The union of these two companies is not just a corporate move; it is a strategic restructuring of the global protein market. With the merger, the new company will be able to compete directly with other giants in the sector, such as the American Tyson Foods and the Brazilian JBS.
Marfrig is a world reference in beef, with a strong presence in South America and North America. BRF, on the other hand, dominates the chicken meat and processed food markets, with brands deeply rooted in the daily lives of Brazilians. The synergy between the businesses should provide economies of scale, reduce operational costs, and expand into new markets.
Impressive Numbers
Marfrig started 2025 with robust results. In the first quarter, it reported a net profit of R$ 88 million, a 40% increase compared to the same period the previous year. Its net revenue reached R$ 38.6 billion, with adjusted EBITDA of R$ 3.2 billion and a margin of 8.3%.
South American operations were highlighted, with a 24.6% growth in sales volume (206 thousand tons) and revenue of R$ 4.1 billion. The region’s EBITDA also advanced 56%, totaling R$ 452.9 million. In North America, results were also significant: US$ 3.266 billion in net revenue, 15.4% more than in the first quarter of 2024.
BRF, for its part, also showed positive performance in recent quarters, making the merger even more strategic. The two companies had already been expanding operational partnerships, reducing joint costs, and exploring new business opportunities. Now, the move is towards total consolidation.

Sustainability and International Recognition
Another relevant point is the increasing appreciation of good environmental practices. Marfrig received the highest score from the CDP (Carbon Disclosure Project) in the Climate, Water Security, and Forests categories, an unprecedented achievement among companies in the Americas and the food sector. This positions the company as a sustainability reference, which tends to attract international investors and business partnerships with countries that require stricter environmental commitments.
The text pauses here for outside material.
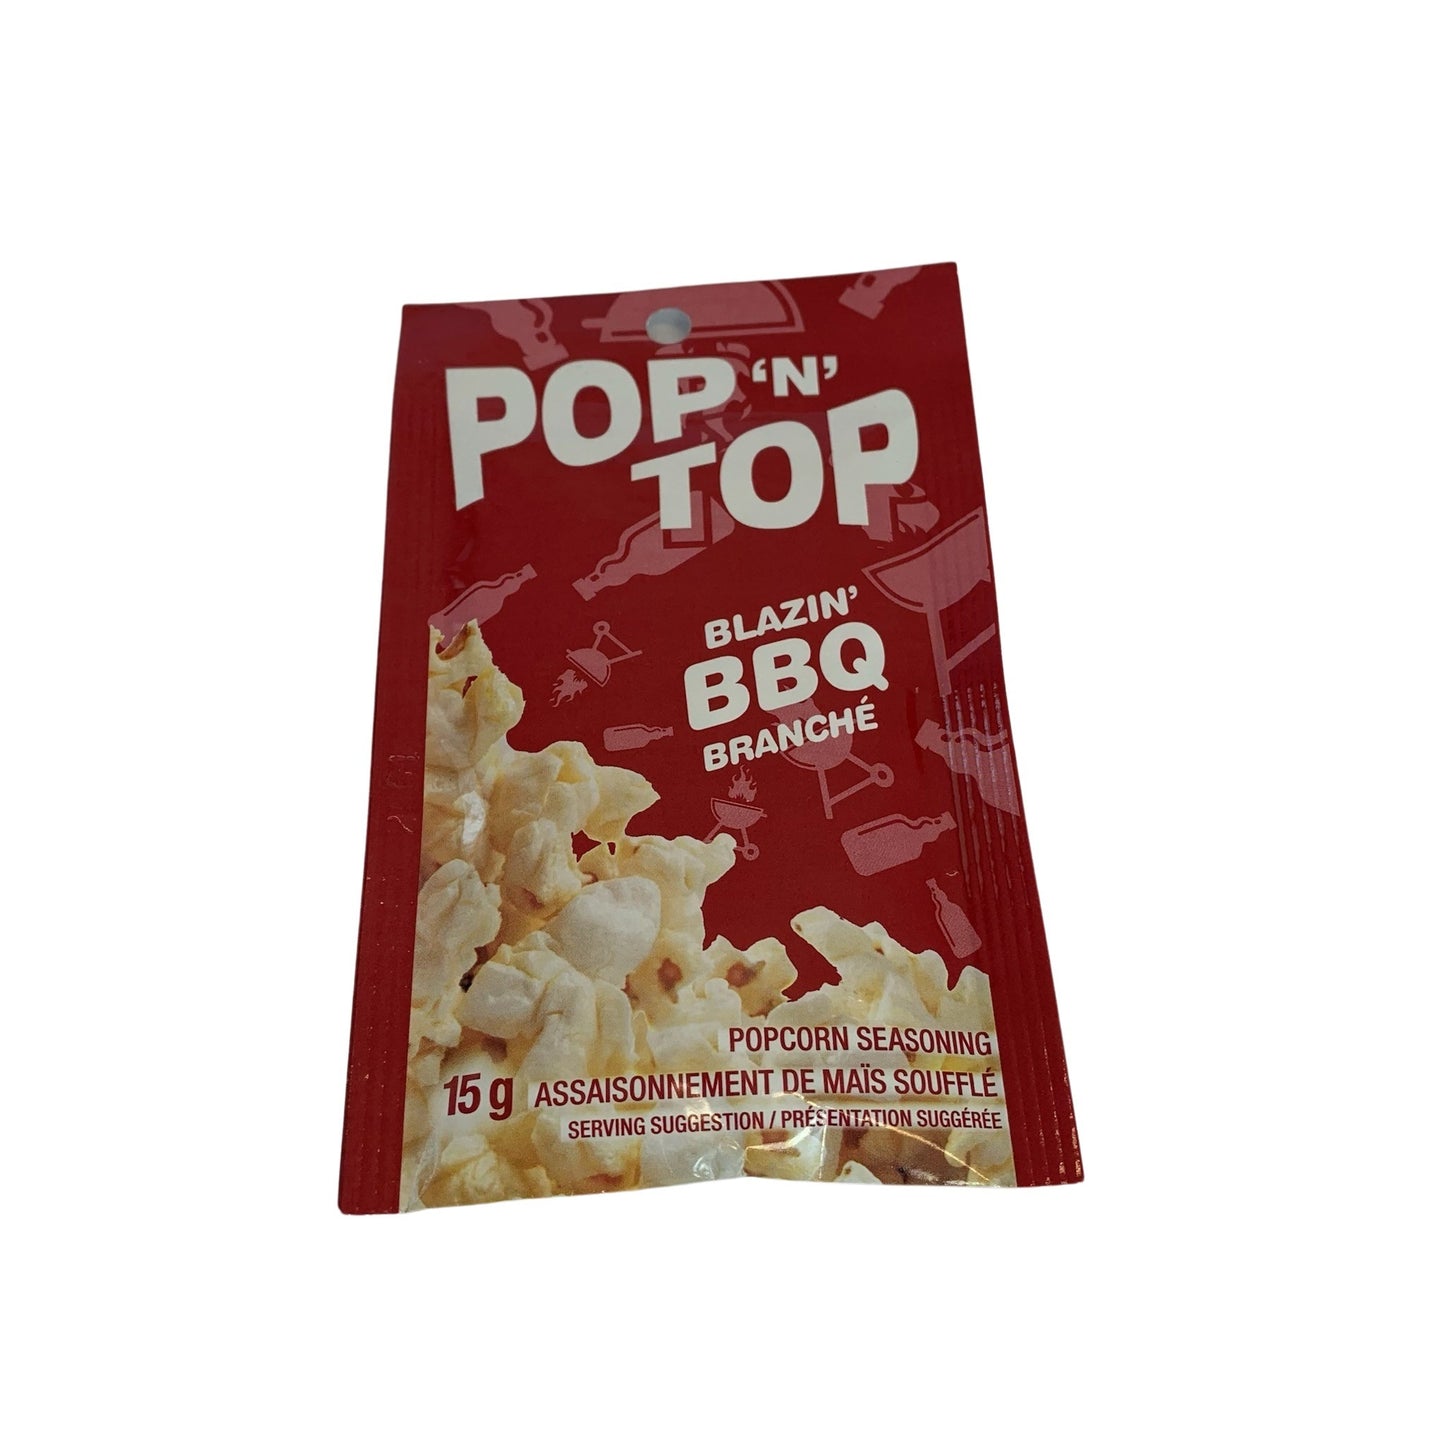 PopNTop Blazin' BBQ Popcorn Seasoning 15 g

“Over the past few months, we have intensified synergies with BRF, increased our global presence, and maintained our commitment to sustainable, traceable, and deforestation-free livestock farming,” said Marcos Molina, chairman of the boards of both companies.
What Changes for the Brazilian Consumer?
In the short term, it is unlikely that consumers will notice immediate changes in prices or products on the shelves. However, the new structure could generate efficiency gains that may eventually reflect in increased competitiveness, product innovation, and even more aggressive exports.
Furthermore, with brands like Sadia, Perdigão, Qualy, and others under the same umbrella, MBRF may concentrate even more its bargaining power over retail, influencing distribution and marketing strategies in the processed food sector.
What Does the Market Think?
Financial analysts are observing the movement with optimism but also caution. The merger of two large companies requires time, integration of systems, and cultural alignment. There are also regulatory and union challenges that may arise along the way.
However, the trend is that, once consolidated, MBRF will have enough muscle to act even more aggressively in the international protein market, reinforcing Brazil’s role as a global agricultural powerhouse.